Bereshit · בְּרֵאשִׁית · Genesis

The Birth of Esau and Jacob

וְיָצַא הָרִאשׁוֹן אַדְמוֹנִי
Genesis 25:24–26
Genesis 25:25–26
וְיָצְאוּ הָרִאשׁוֹן אַדְמוֹנִי כֻּלּוֹ כְּאַדֶּרֶת שֵׂעָר
Vayetze ha-rishon admoni, kullo k’aderet se‘ar.
““And the first came out red, all over like an hairy garment; and they called his name Esau. And after that came his brother out, and his hand took hold on Esau’s heel; and his name was called Jacob.””
The Birth of Esau and Jacob

Named at the Gate

The first son comes out red — אַדְמוֹנִי (admoni) — and covered entirely with hair like a garment. He is called Esav (Esau), a name whose etymology the Torah does not explain here, though later tradition connects it to עָשׂה (’asah, made, done) — he came out fully formed, complete. The description is of someone physical, external, present.

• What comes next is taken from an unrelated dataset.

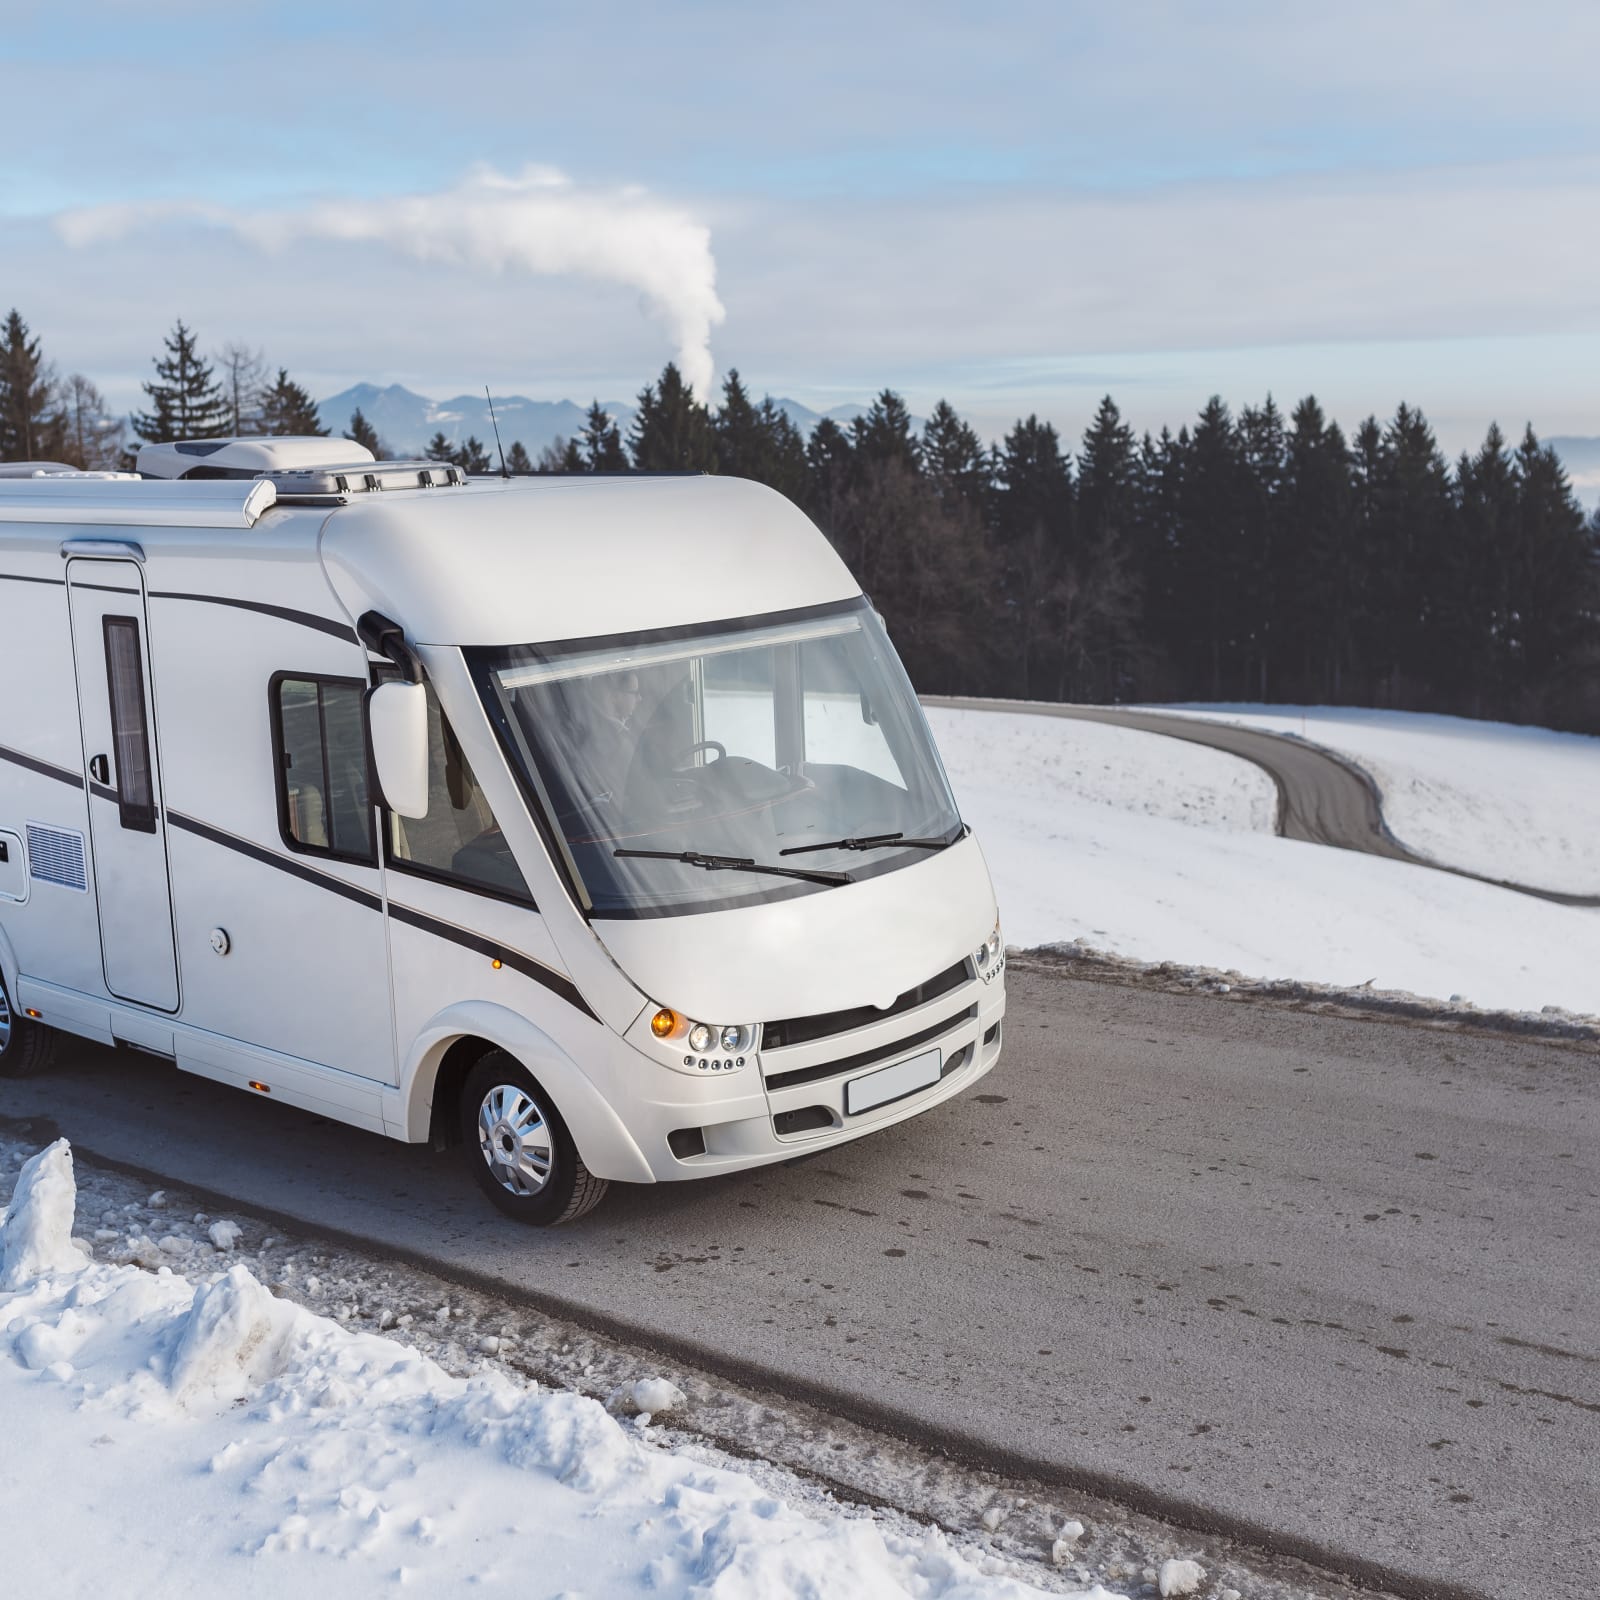 The Best Rv Insurance Companies In 2021 - Valuepenguin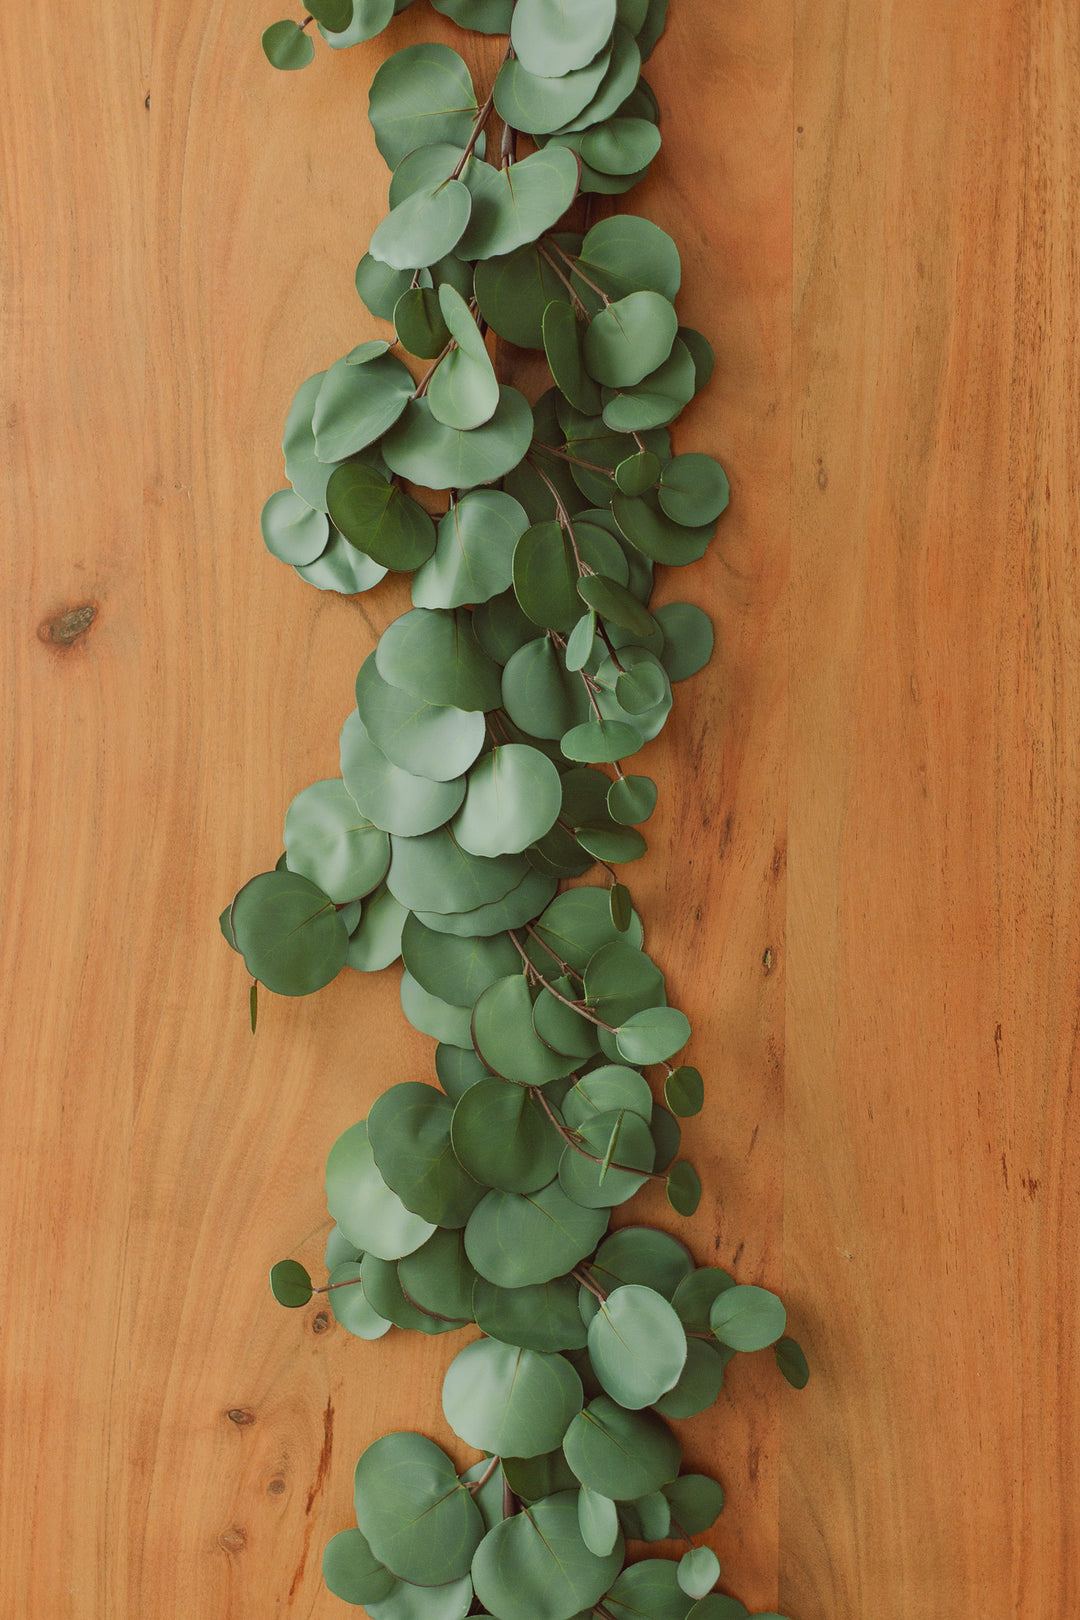 This is the most realistic artificial eucalyptus garland, customized to be exclusive to Eucalypt Co. Your wedding guests will be wowed.

The second comes out holding the heel of the first. וְיָדוֹ אֹחֶזֶת בְּעֲקֵב עֵשָׂו — “and his hand was grasping the heel of Esau.” He is named Ya’akov (Jacob), from עַקֵב (’akev, heel). The name is both descriptive and prophetic. He is a heel-grasper, a supplanter. What he does in the womb he will do his entire life.

Isaac is sixty years old at their birth (v.26). He was forty when he married Rebekah (v.20). Twenty years of waiting, then twins born in the same moment, named for their nature at birth. The oracle given to Rebekah before they were born is now embodied: two peoples, one grasping the other’s heel from the first second.

Key Hebrew
עַקֵב
‘Akev — Heel. The root appears three times in the Jacob story in three related senses: as his name (Ya’akov), as the physical action at birth (grasping the heel), and later in Esau’s bitter words after losing the blessing: “Is he not rightly named Jacob? For he has supplanted me (וַיַּעְקְבֵנִי, vayya’qveni)” (27:36). The name the Torah gives here becomes the accusation made later.